> Activity
Repeat the listing that follows exactly. Pictures are not part of the copy.

> Dataset content
▼

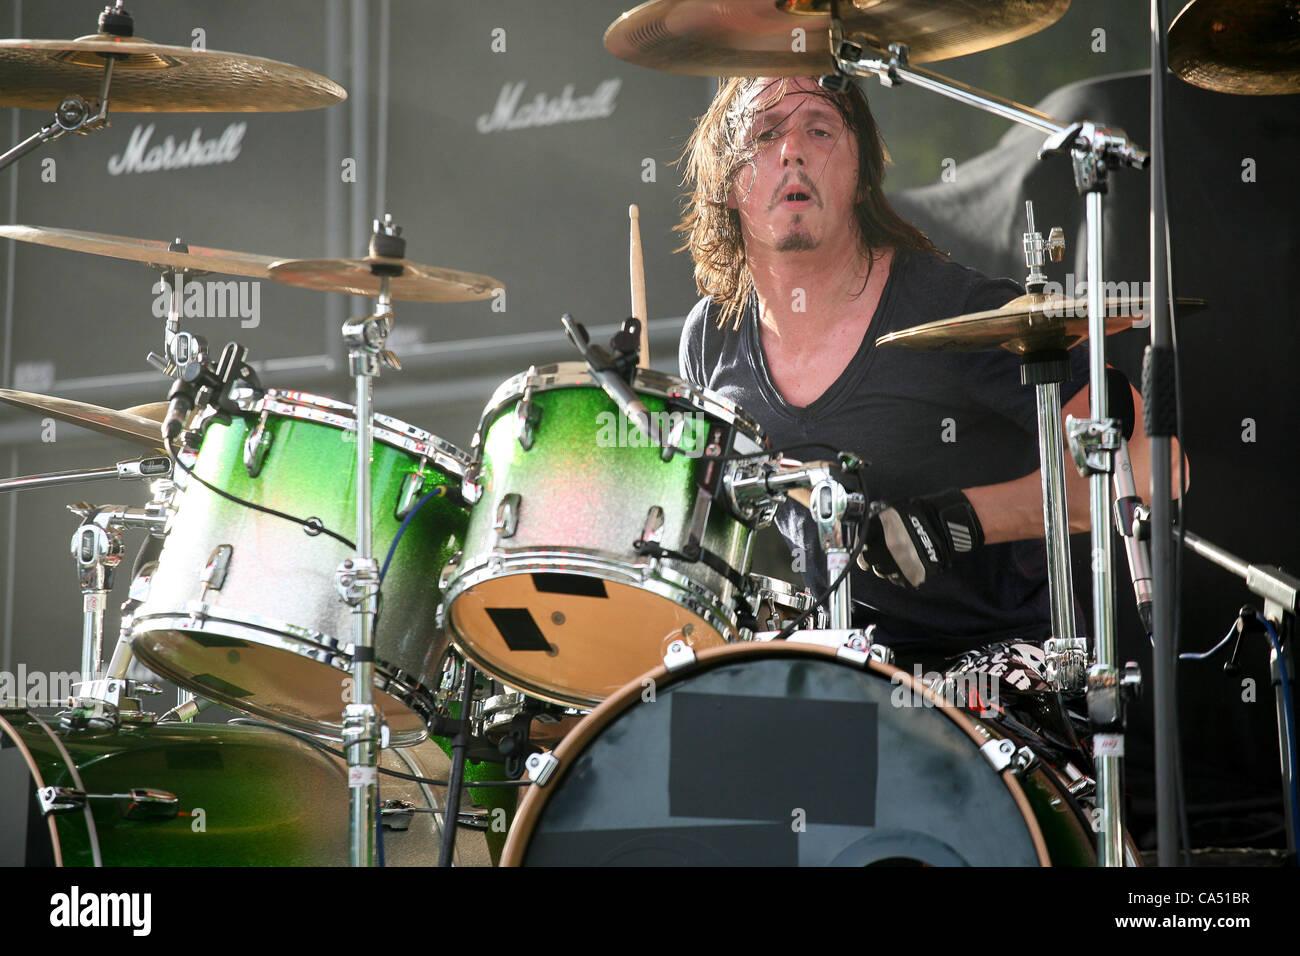 ZAGREB, CROATIA, June 8 2012. Mario Duplantier (drums) of the band Gojira performing at Rokaj (trans: Rock!) festival - Stock Image
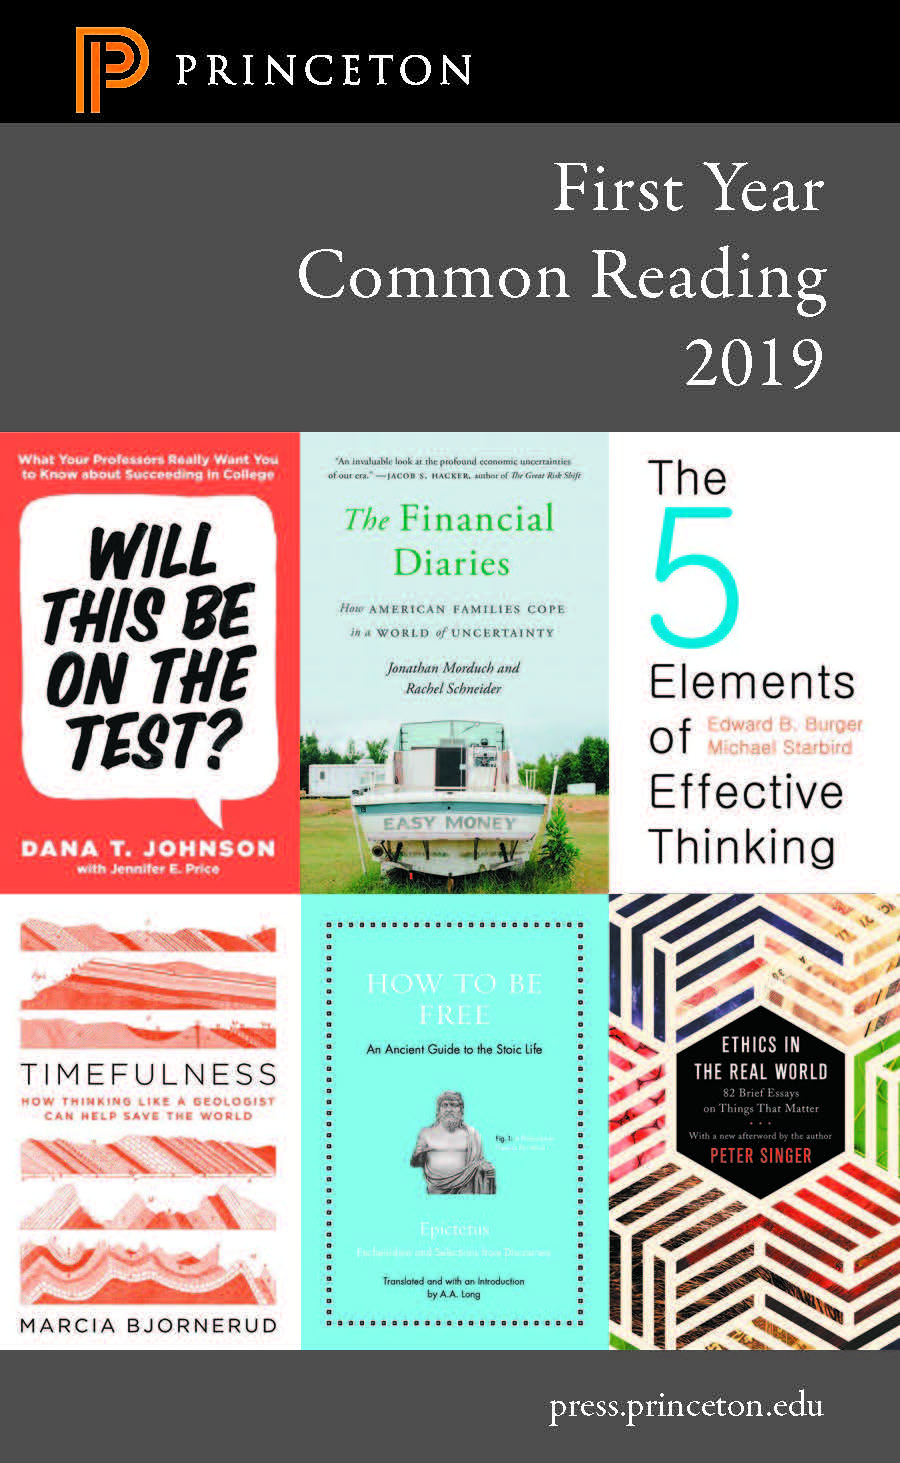 Common Reading Catalog
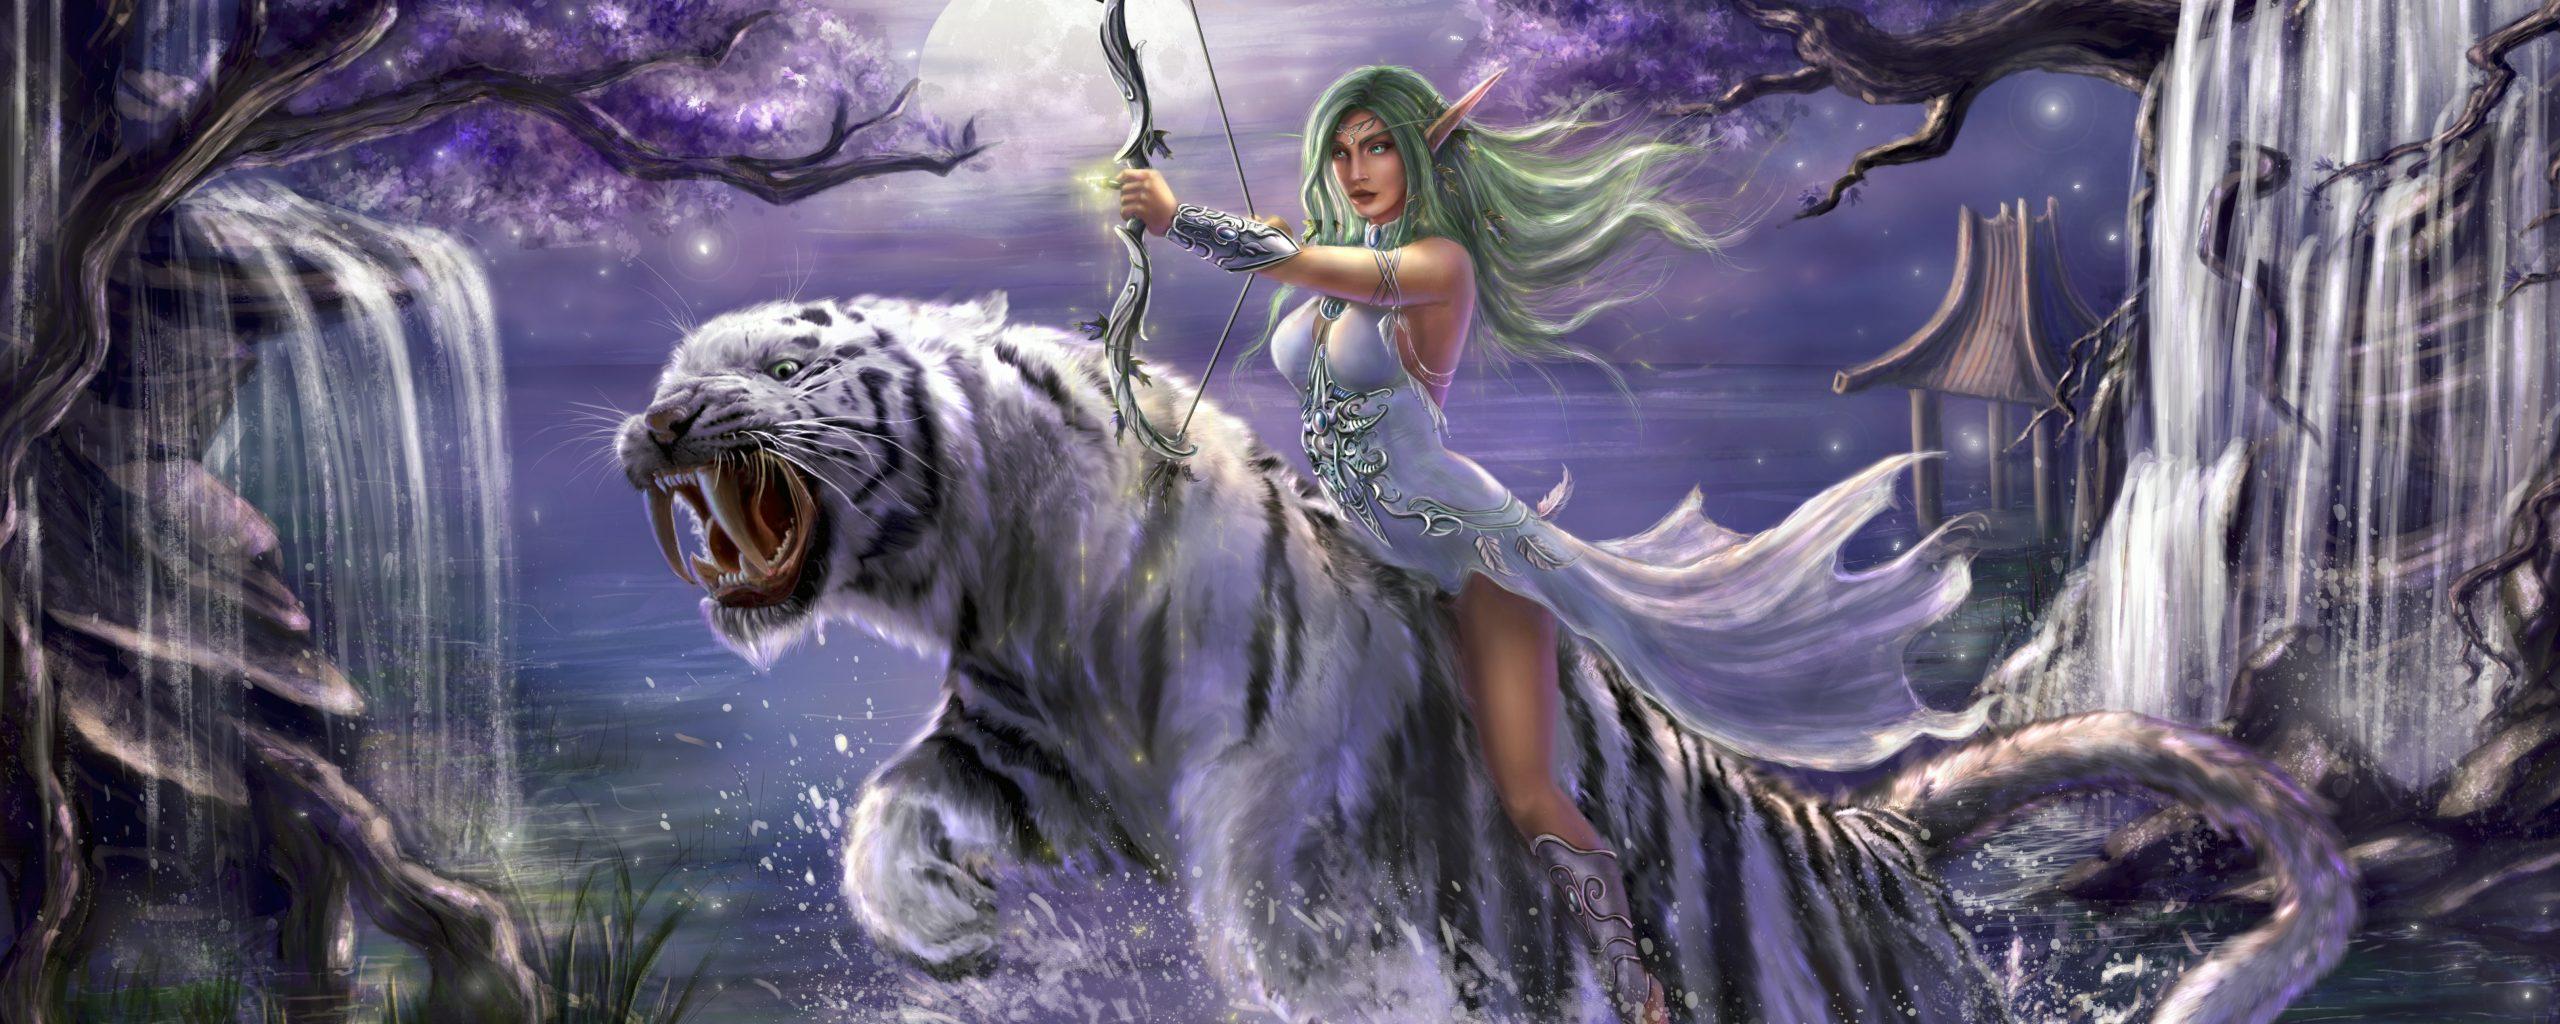 Dual Monitor Girl Wallpaper Tyrande Whisperwind World Of Warcraft 5k Wallpaper Best

▲

> Exercise result
 ZAGREB, CROATIA, June 8 2012. Mario Duplantier (drums) of the band Gojira performing at Rokaj (trans: Rock!) festival - Stock Image
 Common Reading Catalog
 Dual Monitor Girl Wallpaper Tyrande Whisperwind World Of Warcraft 5k Wallpaper Best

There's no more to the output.